Hale v. Everett, 53 N.H. 9, 87-88 (1868).

But opinions concerning Abbot diverged widely. Frederick Douglass, for example, praised Frank Abbot for doing "much to break the fetters of religious superstition, for which he is entitled to gratitude." Letter from Hon. Frederick Douglass to Rev. M.J. Savage (June 15, 1880), published in Farewell Dinner to Francis Ellingwood Abbot, on Retiring from the Editorship of "The Index" 48 (George H. Ellis, 1880).

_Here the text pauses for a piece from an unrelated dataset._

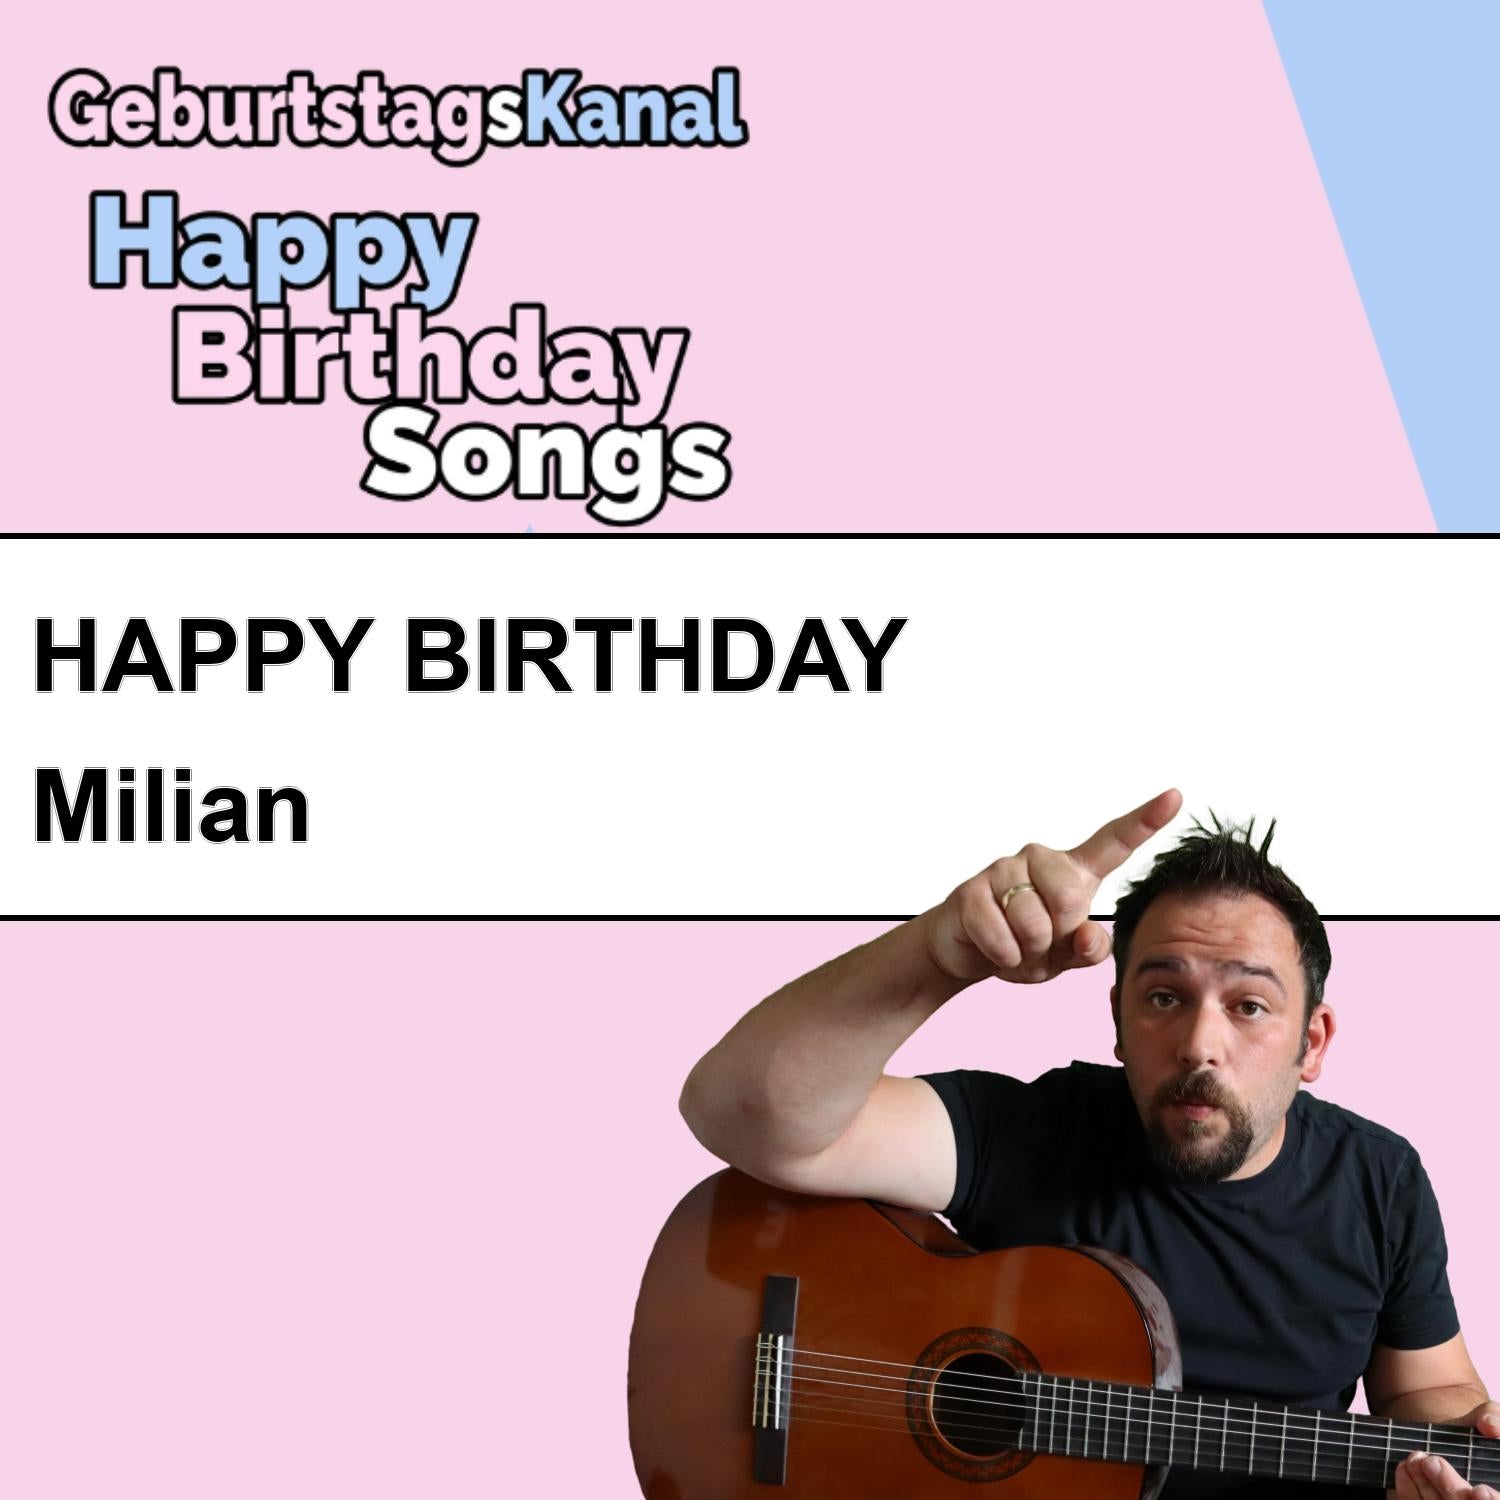 Produktbild Happy Birthday to you Milian mit Wunschgrußbotschaft

The Impeachment of Christianity

Following the controversy in New Hampshire, Abbot left the ministry in 1868 to write, edit, and teach. Abbot's theological position was stated in Scientific Theism (1885) and The Way Out of Agnosticism (1890). In the latter book, Josiah Royce wrote an article so scathing that Abbot took it as an unfair attempt to destroy his reputation, and eventually responded publicly with Mr. Royce's Libel (1891 October) in which he sought redress from Royce's employer Harvard University. The debate moved to the pages of The Nation, where Charles Sanders Peirce took Abbot's side; William James and Joseph Bangs Warner, less so. In his 1903 obituary of Abbot, Peirce praised Abbot's philosophical work and love of truth, and wrote that, in the introduction to Scientific Theism (wherein Abbot criticized nominalism and traced it through Kant among others), Abbot "put his finger unerringly [...] upon the one great blunder of all modern philosophy." (For the full texts of the public controversy and the obituary, see "External links" below.)

Abbot committed suicide in 1903 by taking sleeping pills at his wife's gravesite in Central Cemetery, Beverly, Massachusetts, on the 10th anniversary of her death.